1. A tubular for reservoir fines control comprising:
a body including an outer surface and an inner surface defining a flow path, a plurality of openings are formed in the body connecting the outer surface and the flow path; and
a material mesh overlaid onto the outer surface, the material mesh being formed from a material swellable upon exposure to a selected fluid, the material mesh having a selected porosity allowing methane to pass into the flow path while preventing passage of fines.
2. The tubular according to claim 1, wherein the material mesh includes a first material mesh layer extending along the outer surface and a second material mesh layer overlaid onto the first material mesh layer.
3. The tubular according to claim 2, wherein the first material mesh layer extends axially along the body.
4. The tubular according to claim 2, wherein the first material mesh layer extends at an angle relative to a longitudinal axis of the body.
5. The tubular according to claim 3, wherein the first material mesh layer comprises a plurality of cord members extending axially along the body.
6. The tubular according to claim 2, wherein the second material mesh layer is wrapped about the body.
7. The tubular according to claim 2, wherein the first material mesh layer comprises a first outer diameter and the second material mesh layer comprises a second outer diameter that is distinct from the first outer diameter.
8. The tubular according to claim 1, wherein the material mesh includes a non-circular cross-section.
9. The tubular according to claim 1, wherein the material mesh includes a first portion formed from a material that is swellable upon exposure to a first selected fluid and a second portion formed from a material that is swellable upon exposure to a second selected fluid that is distinct from the first selected fluid.
10. The tubular according to claim 9, wherein the first selected fluid comprises oil and the second selected fluid comprises water.
11. The tubular according to claim 1, wherein the selected fluid comprises a downhole fluid.
12. The tubular according to claim 1, wherein the material mesh comprises a weave.
13. The tubular according to claim 1, wherein the material mesh comprises a preformed sleeve.

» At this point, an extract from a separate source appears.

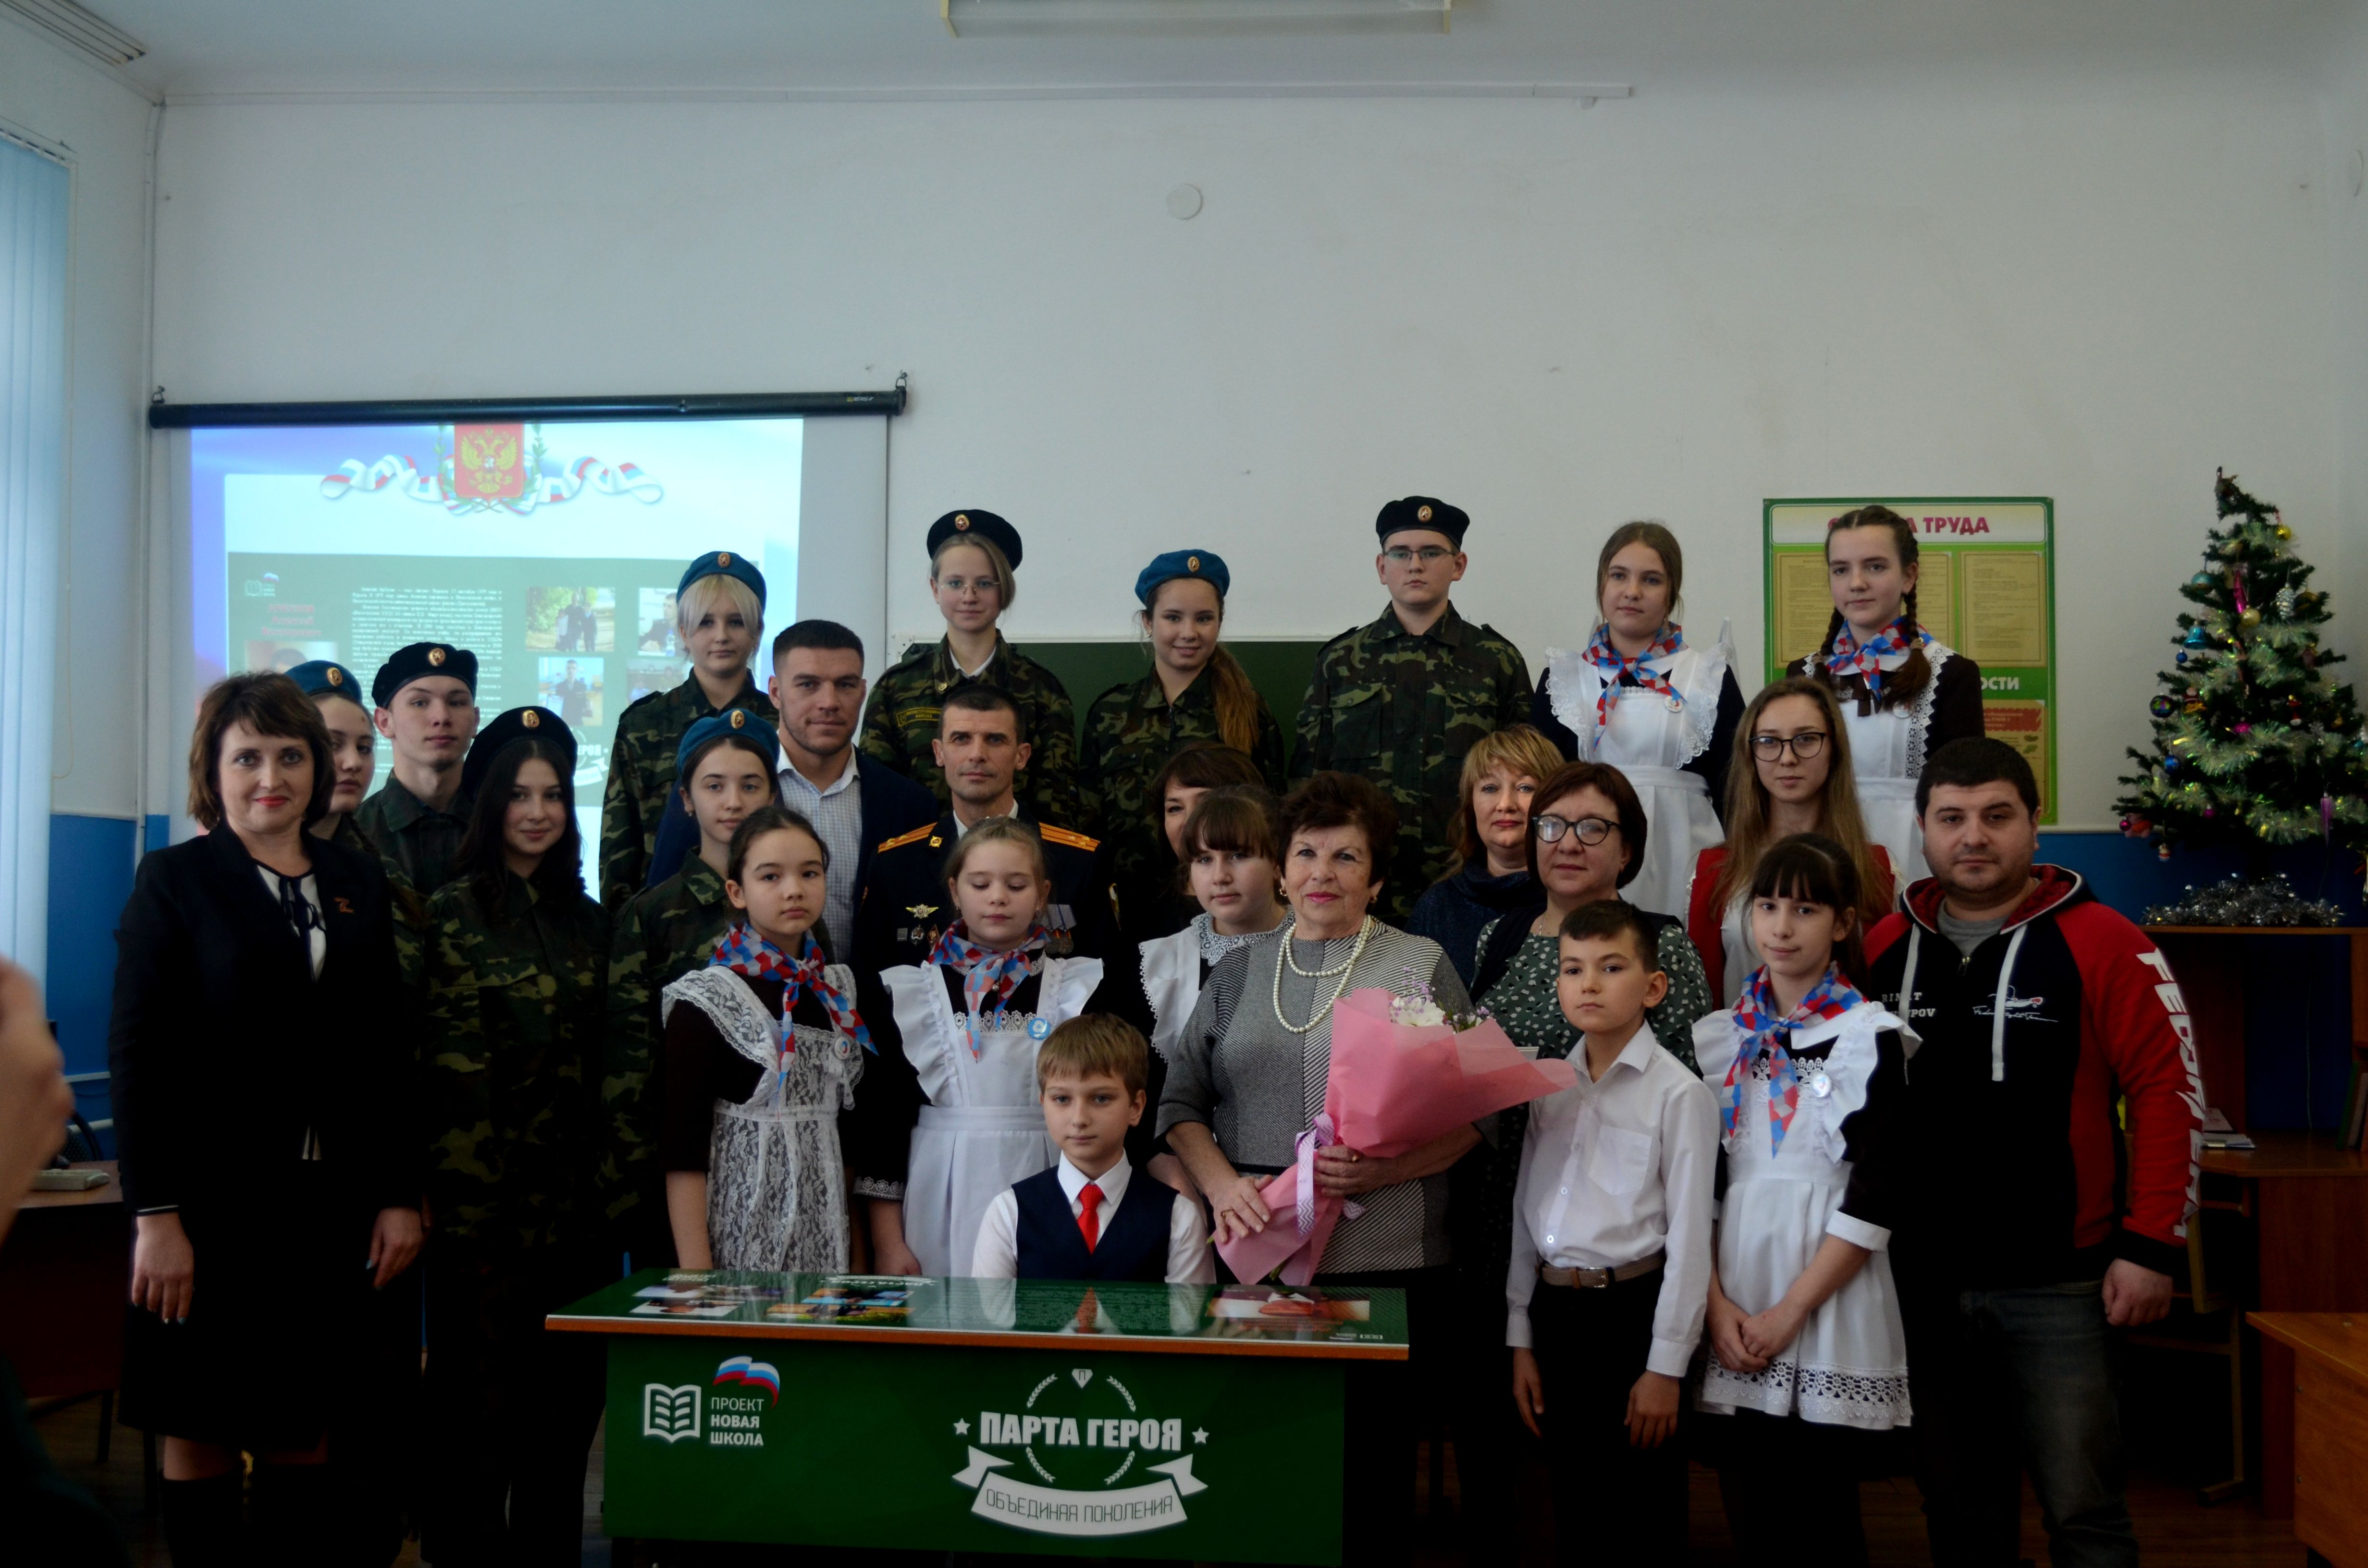 Сегодня в Ракитянской средней общеобразовательной школе №3 им. Н.Н. Федутенко появилась Парта Героя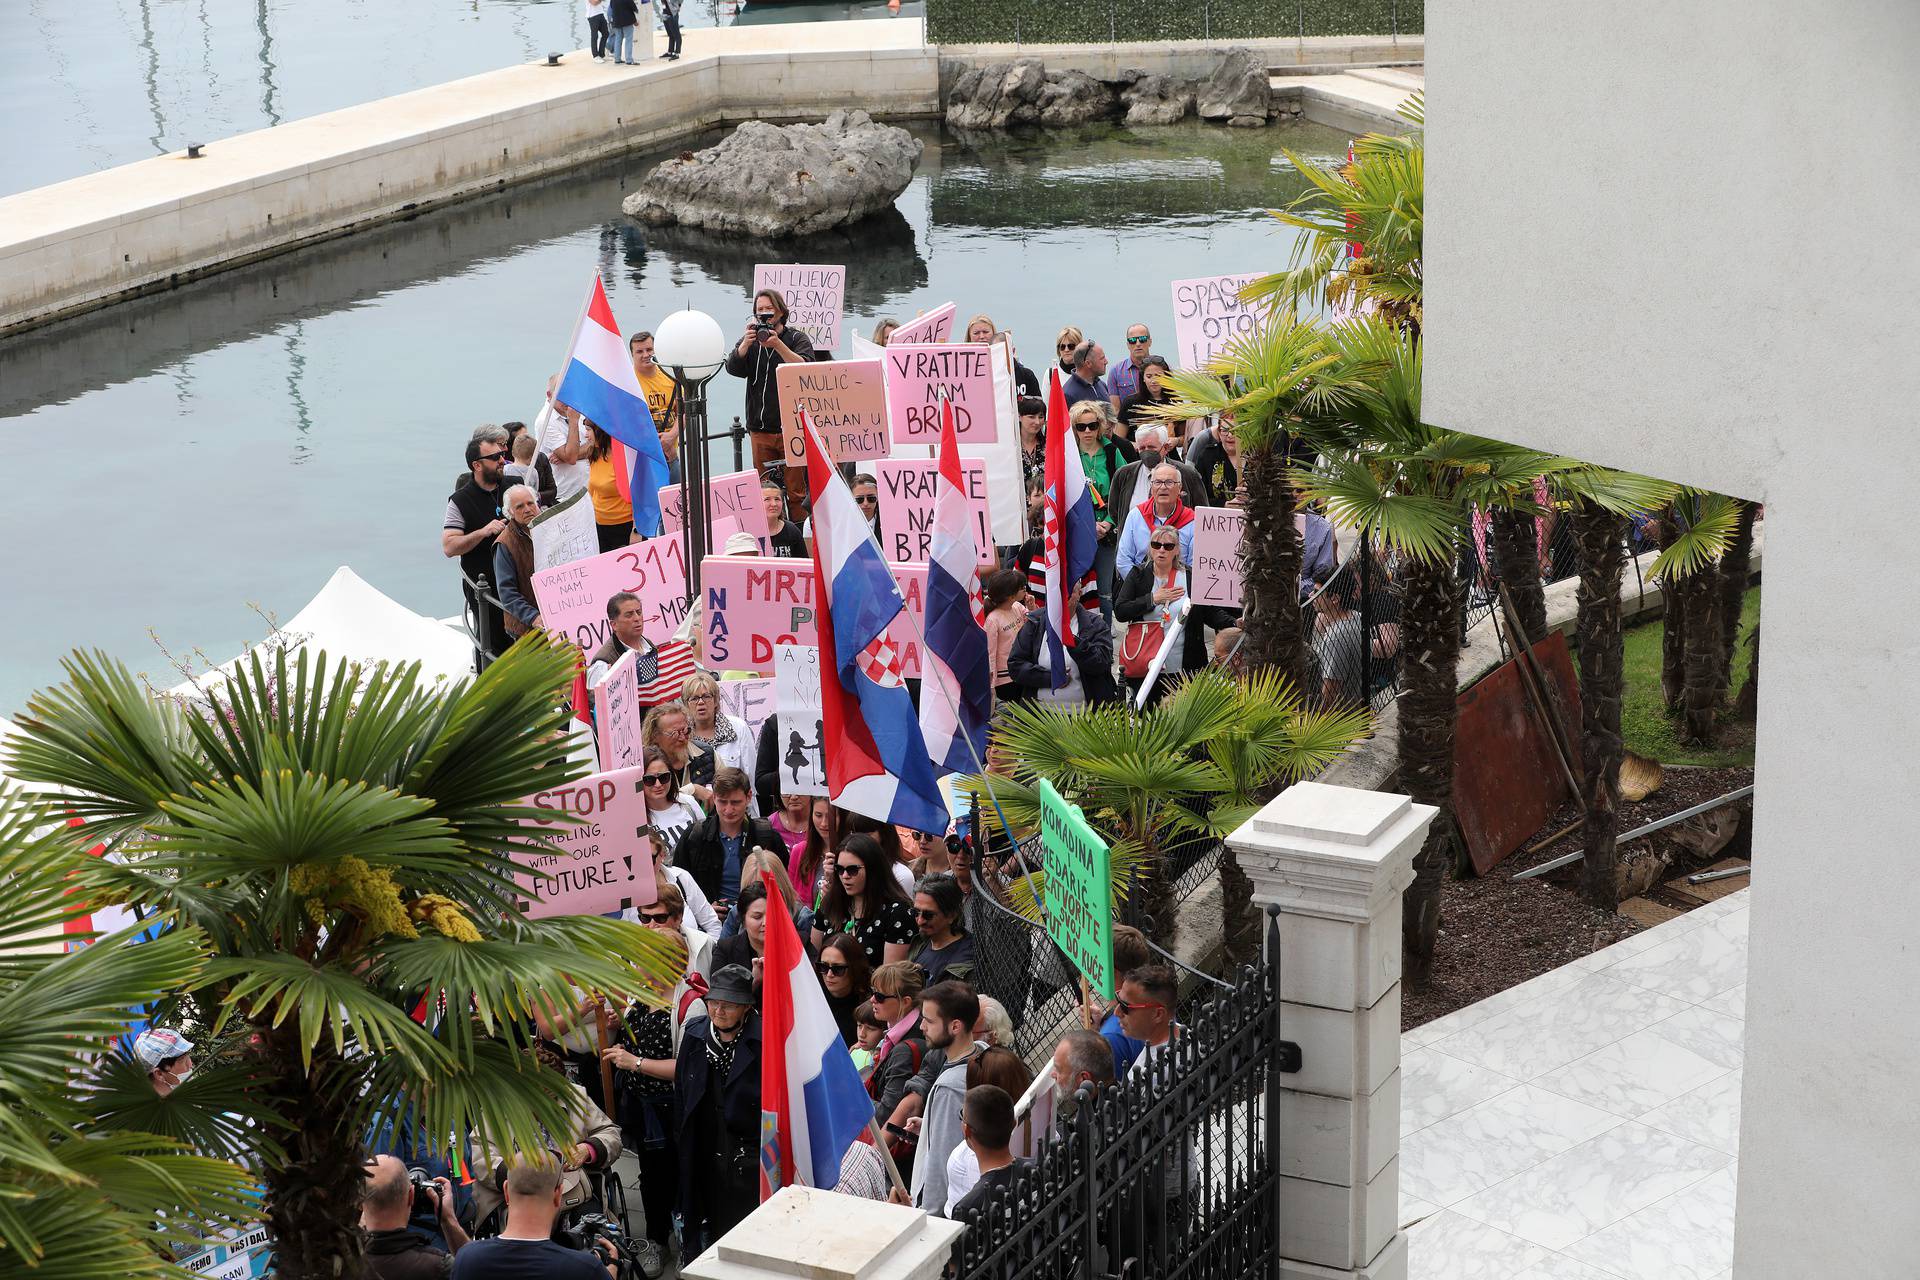 Prosvjed građana Ilovika i Lošinja zbog izgradnje luke Mrtvaška na otoku Lošinju

14. The tubular according to claim 1, wherein the material mesh comprises a mat having a first end and a second end.
15. The tubular according to claim 14, wherein the mat is clamped to the outer surface.
16. The tubular according to claim 14, wherein the mat is secured about with outer surface with the first end being bonded to the second end.
17. The tubular according to claim 1, wherein the material mesh comprises a continuous cord.
18. The tubular according to claim 17, wherein the continuous cord includes a first portion having a first dimension and a second portion having a second dimension that is distinct from the first dimension.
19. The tubular according to claim 1, wherein the material mesh is formed from a plurality of discrete particles suspended in a binder material.
20. A method of forming a permeable cover on a perforated tubular comprising:
positioning a material mesh permeable to a downhole gas on an outer surface of the perforated tubular formed from a material swellable upon exposure to a selected fluid.
21. The method of claim 20, wherein positioning the material mesh includes directly wrapping the material mesh about the outer surface of the tubular.
22. The method of claim 21, wherein directly wrapping the material mesh includes positioning a first material mesh layer formed from a first material on the outer surface and overlaying a second material mesh layer formed from a second material upon the first material mesh layer.
23. The method of claim 22, wherein positioning the first material mesh layer arranging one or more discrete elements axially along the outer surface of the tubular and positioning the second material mesh layer includes wrapping the second material about the tubular over the first material mesh layer.
24. The method of claim 22, further comprising: wrapping a third material mesh layer over the second material.
25. The method of claim 20, further comprising: forming the material mesh directly on the tubular.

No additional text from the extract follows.